Agaritine is an aromatic hydrazine-derivative mycotoxin in mushroom species of the genus Agaricus. It is an α-aminoacid and a derivative of phenylhydrazine.

==Occurrence==
Agaritine is present as a natural mycotoxin in fresh samples of at least 24 species of the genera Agaricus, Leucoagaricus, and Macrolepiota. Mushrooms of these species are found around the world. These mushrooms grow in a wide range of habitats. Agaricus bisporus is cultivated in over 70 countries and on every continent except Antarctica. A. bisporus, also known as the portobello or common button mushroom, is of particular socio-economic importance in developed countries.

Agaritine content varies between individual mushrooms and across species. Agaritine content (% fresh weight) in raw Agaricus bisporus, for example, ranges from 0.033% to 0.173%, with an average of 0.088%. The highest amount of agaritine is found in the cap and gills of the fruiting body, and the lowest in the stem.
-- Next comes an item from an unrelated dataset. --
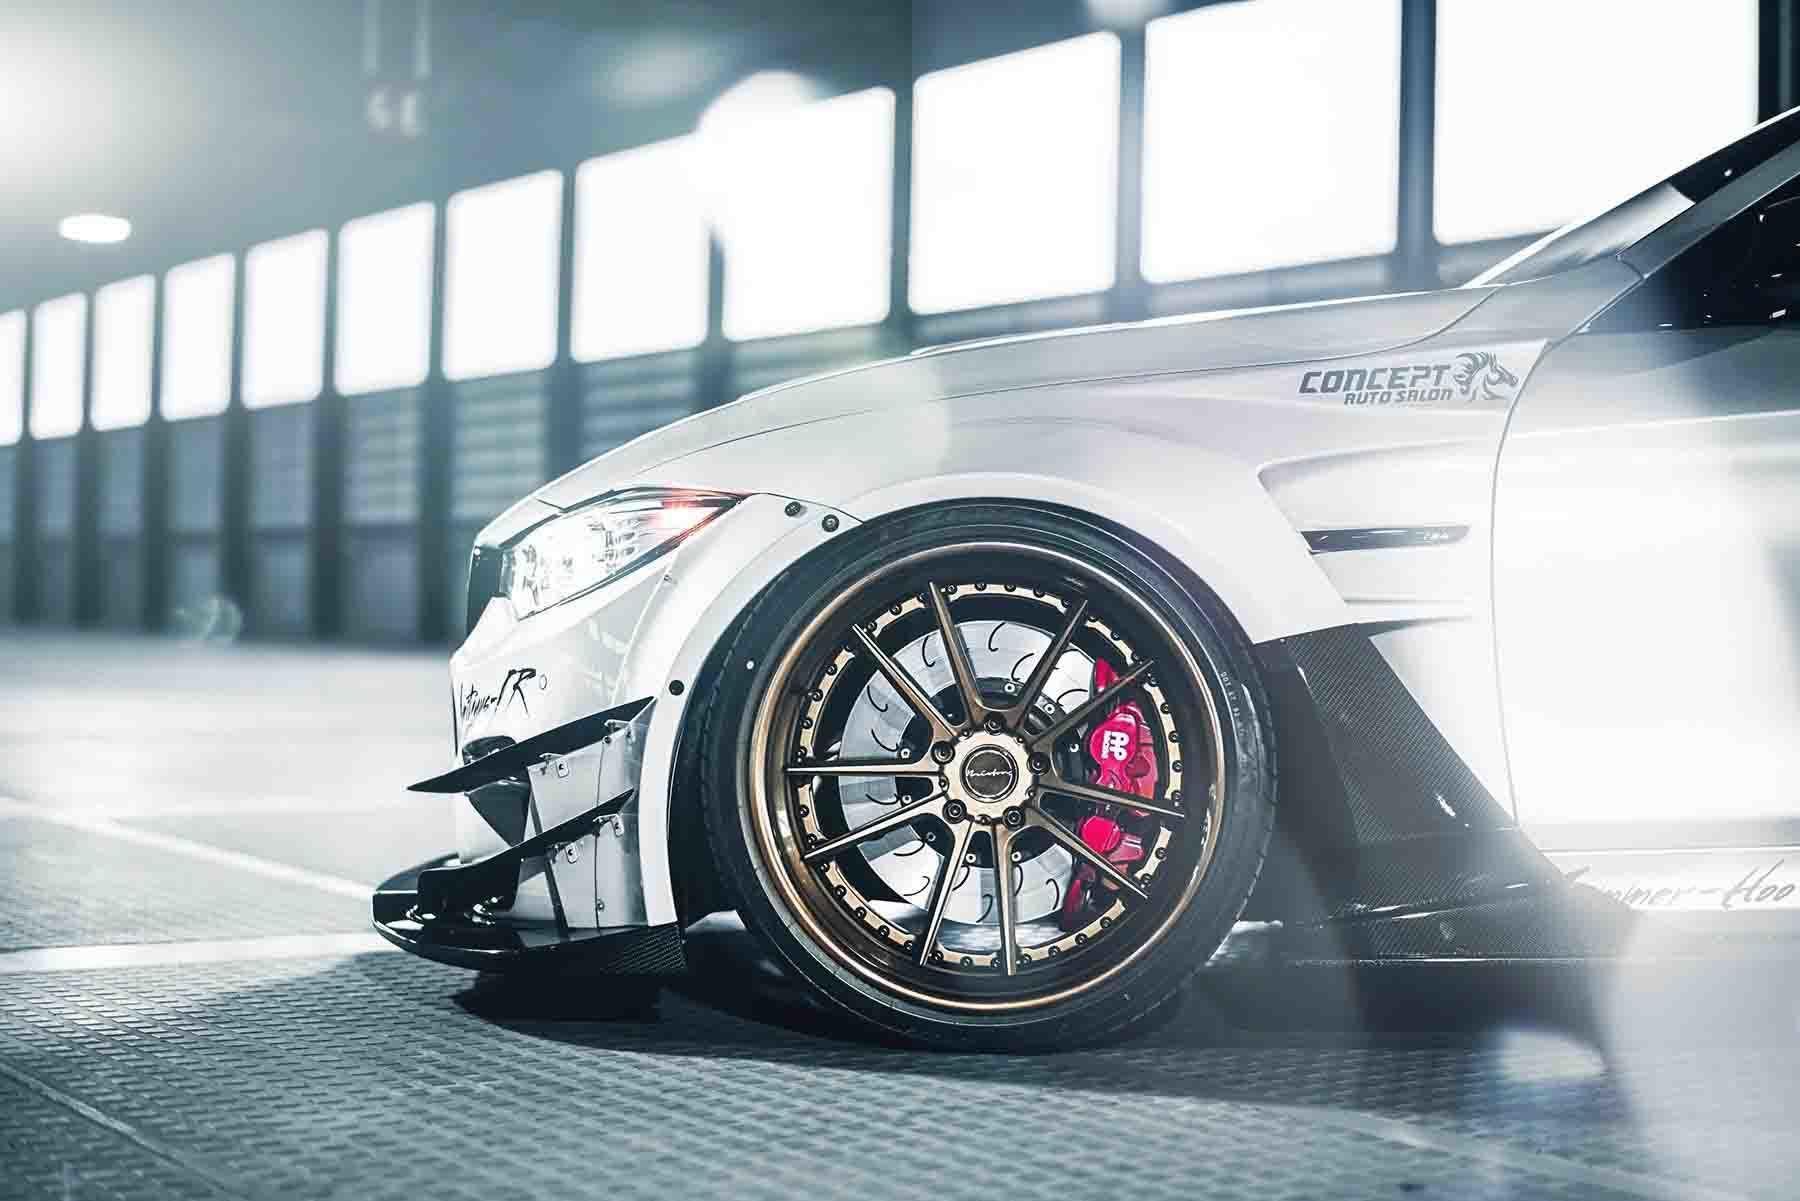 images-products-1-2179-232974467-brixton-forged-m51-targa-series-forged-wheels-varis-bmw-f82-m4-white-bronze-wheels-1800x1201.jpg

Agaratine decomposes significantly between harvest and sale, and it has also been shown to decompose readily upon cooking (up to 90% reduction) as well as upon freezing (up to 75% reduction).

== Production ==
Agaritine occurs naturally in mushrooms and can be extracted from cultivated Agaricus bisporus mushrooms with water or methanol.

Total industrial syntheses of agaritine have been completed, with an 83% yield, and the overall yield of 33%.

==Potential for toxicity==
Although recognized as an experimental carcinogen when used in high laboratory doses, there is inadequate evidence to classify Agaritine as carcinogenic to humans in amounts ingested from consuming mushrooms.